The Ultimate Tensile Strength of SiC/SiC Composites: Multiscale Approach

The present paper tackles the important issue of tensile ultimate strength of ceramic matrix composites, using a multiscale approach. The ultimate strength is investigated at the successive increasing length scales inherent to 2D woven SiC/SiC composites, i.e., single filaments, fibre tow, unidirectional composite (minicomposites), and 2D woven composite. First, experimental results on tensile behavior under strain-controlled conditions are summarized for tows, minicomposites, and composites. Then, models of tow ultimate failures under controlled force and strain are presented. The exact criterion of tow failure is developed for filament fracture initiation and then propagation based on applied stress and on filament strength gradient.

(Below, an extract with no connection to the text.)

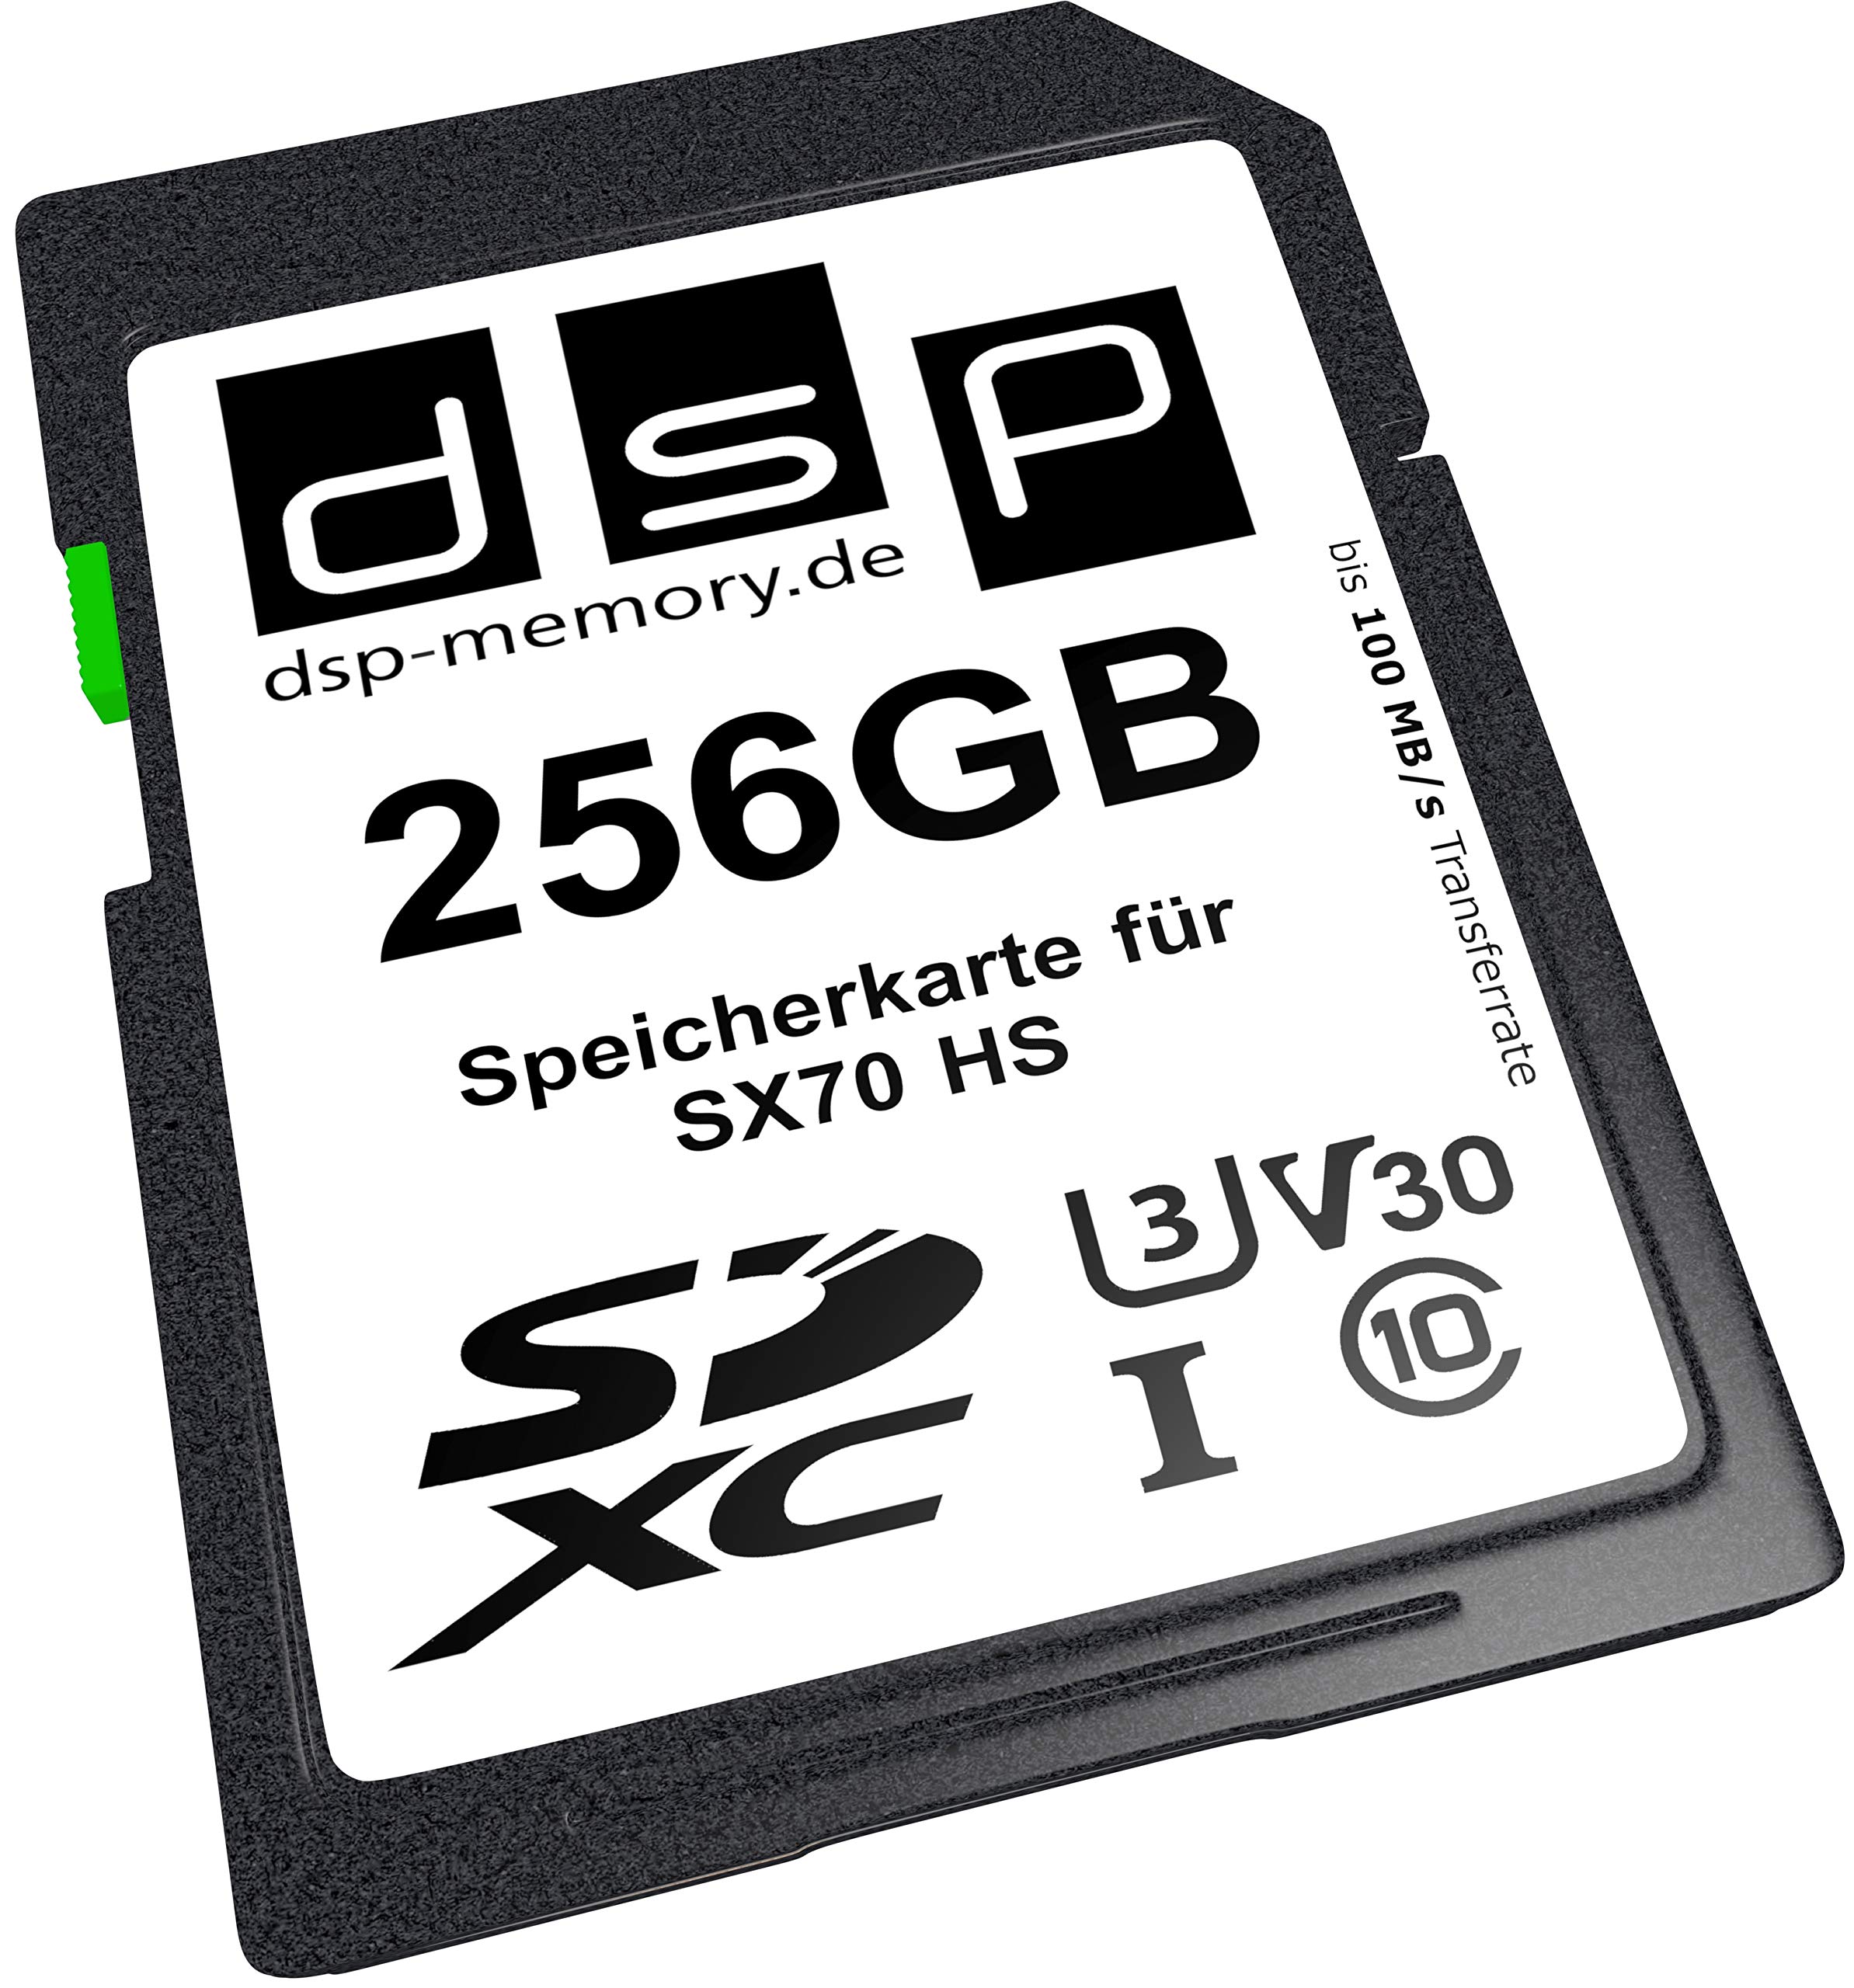 DSP Memory 256GB Professional V30 Speicherkarte für SX70 HS Digitalkamera
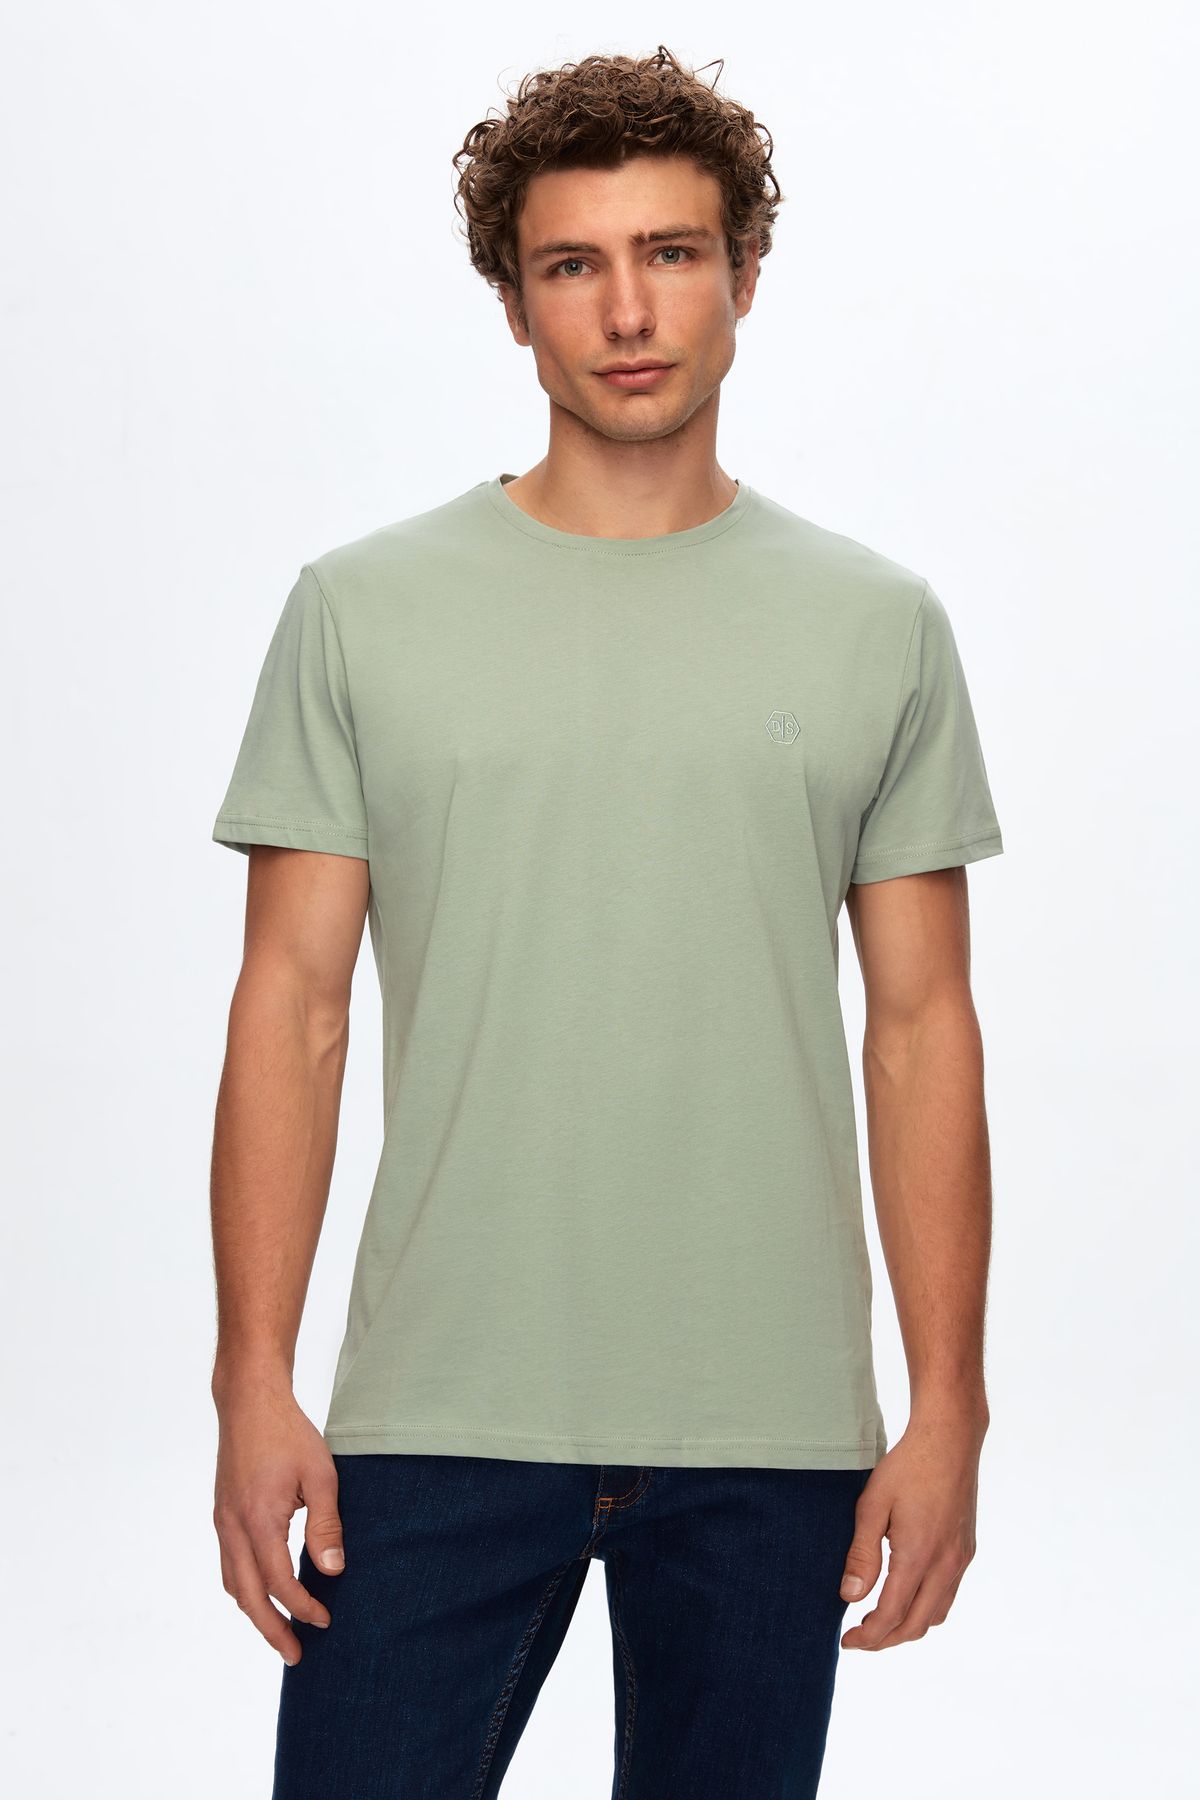 D'S Damat Ds Damat Regular Fit Çağla Düz Örgü Nakışlı %100 Pamuk T-shirt

The model of the ultimate failure of the composite under strain-controlled conditions is based on the strength of filaments in the presence of matrix cracks and the overstress induced by interactions of broken filaments and the matrix. The variability of ultimate strengths of filaments, minicomposites, and composites at various gauge lengths is described by linear p-quantile diagrams, which indicates that the data follow a normal distribution function. The contribution of structural effects to the variability of composite and minicomposite strength under strain-controlled loading is analyzed. Their dependence on specimen size is related to the reproducibility of critical flaw population and structural effects.